Agent Frameworks Are Solving the Wrong Problem

A bird's-eye view of a vast automated factory floor, filled with elaborate orchestration machinery — conveyor belts, routing nodes, control panels, robot workers at their stations. Dead center: a single glowing hourglass, nearly empty, surrounded by machinery that routes around it but never touches it. A small stressed octopus stands beside the hourglass, tentacles raised in alarm, the only figure looking at the real bottleneck.

OpenAI's o3 scored 98.1% on a reasoning benchmark. Researchers at Microsoft and Salesforce then ran the same evaluation with a single change: they split the input across multiple context windows, forcing the model to track information across boundaries instead of holding it all at once. The score dropped to 64.1%.

The model did not get dumber. It got less context.

That 34-point collapse is the number the agent framework industry should be staring at. Instead, OpenClaw ships 52 npm modules for tool orchestration. LangChain crossed 47 million downloads building workflow abstractions. AutoGPT pioneered autonomous loops with four-step action ceilings. All three frameworks optimize for the same layer: orchestration plumbing. Tool registries, workflow graphs, multi-agent routing. And all three treat context management as a configuration value buried in a YAML file while the real failure mode eats their users alive.

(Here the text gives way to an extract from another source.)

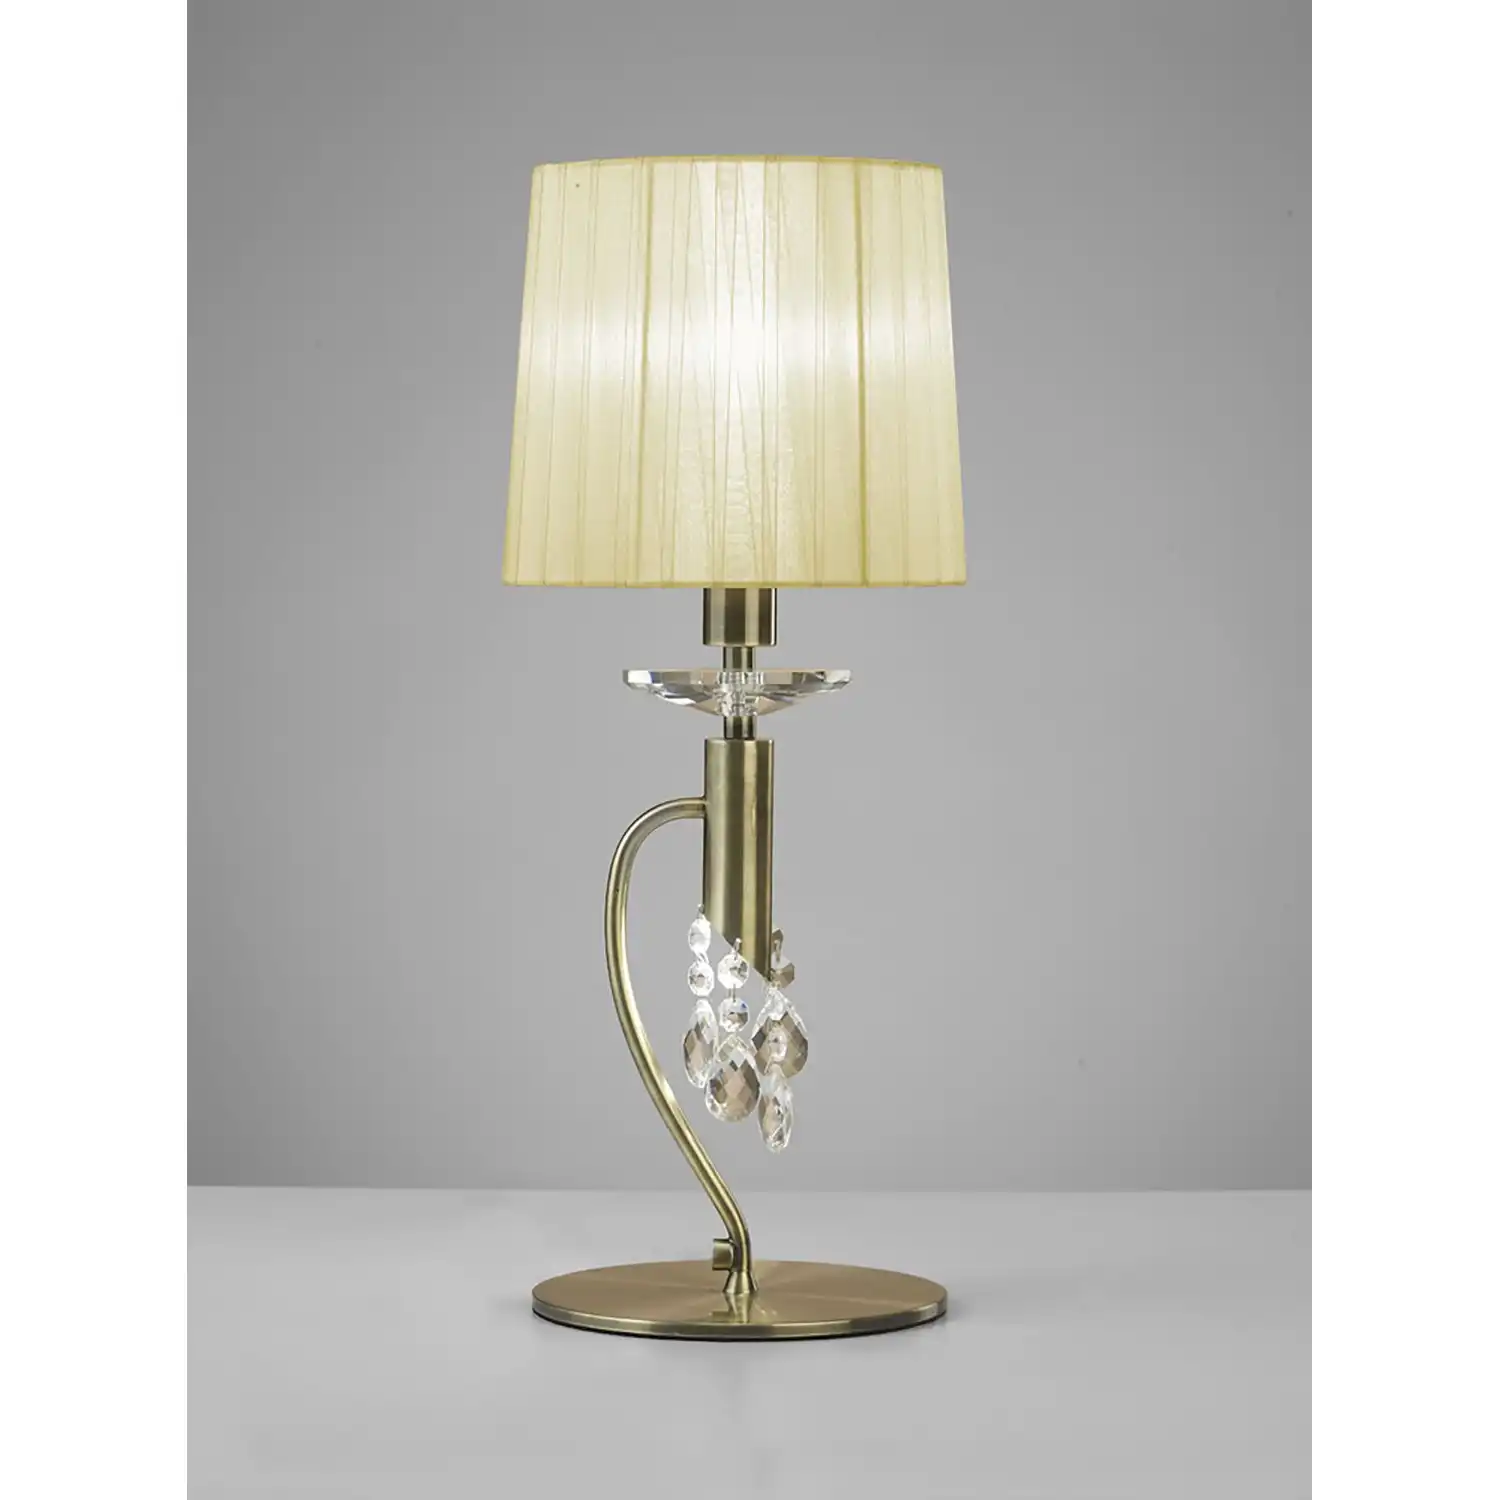 Tiffany Table Lamp 1+1 Light E14+G9, Antique Brass With Cream Shade And Clear Crystal
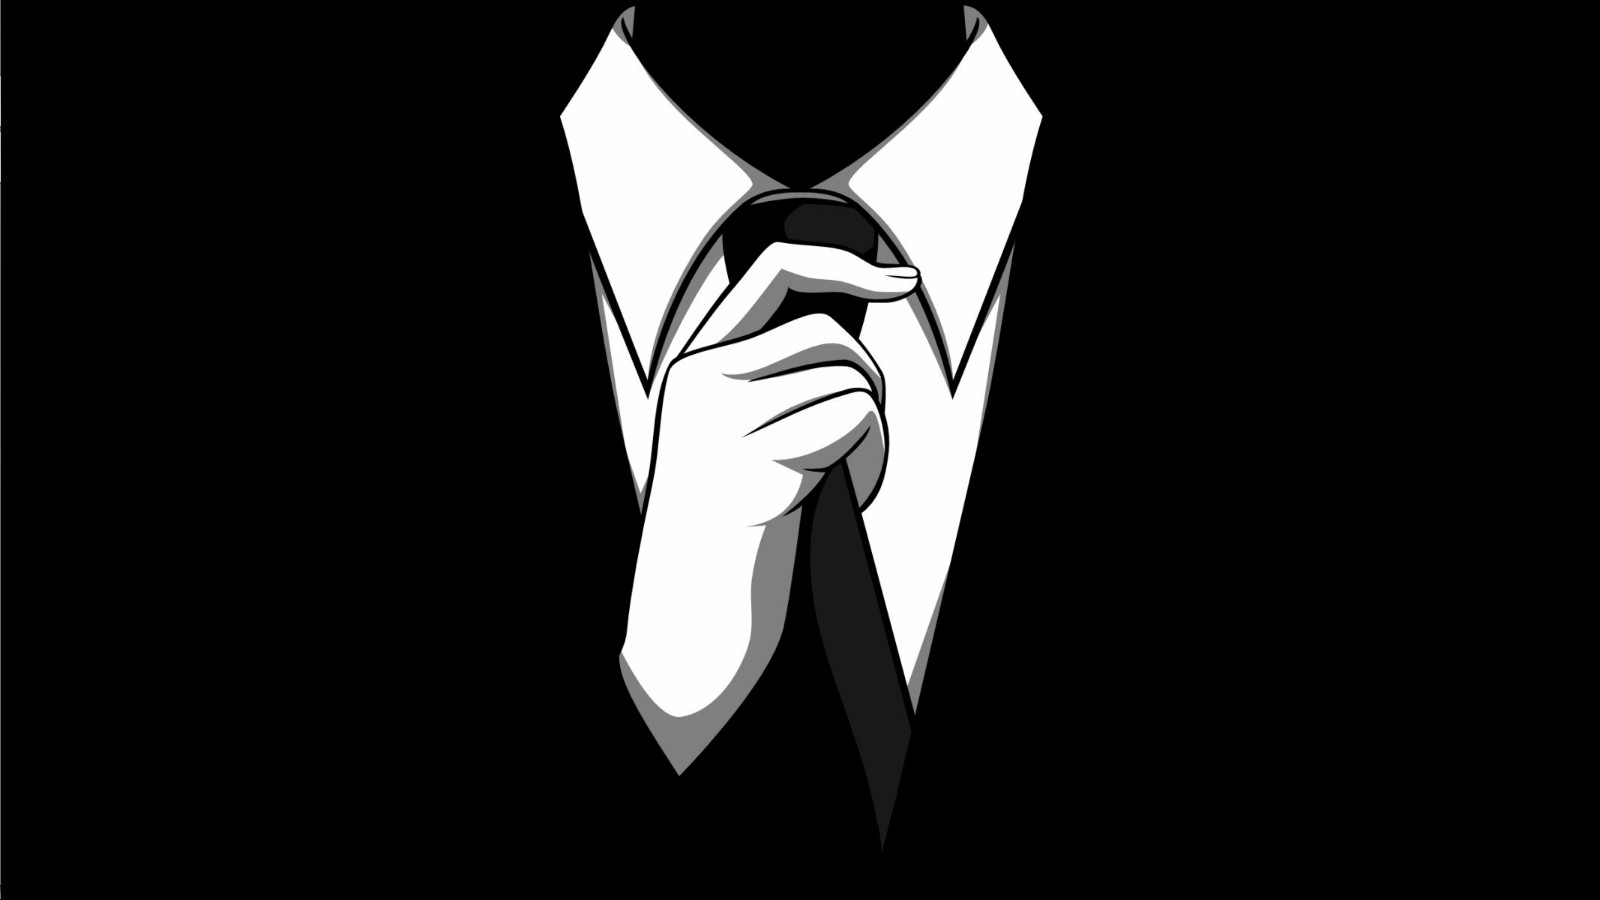 Anonymous Black Background Wallpaper Full HD

The Bottleneck Nobody Benchmarks

The Microsoft/Salesforce result is not an outlier. Liu et al. published "Lost in the Middle" in Transactions of the Association for Computational Linguistics in 2024, a peer-reviewed study demonstrating that large language models suffer roughly 20% performance degradation when relevant information sits in the middle of the context window rather than at the beginning or end. The models do not process context uniformly. They lose signal in the middle, and the loss compounds with length.

Andrej Karpathy, formerly of OpenAI and Tesla's Autopilot team, reframed the entire discipline in a post earlier this year. The real skill, he argued, is not "prompt engineering" but "context engineering": the art of filling the context window with exactly the right information at exactly the right time. Not more information. The right information.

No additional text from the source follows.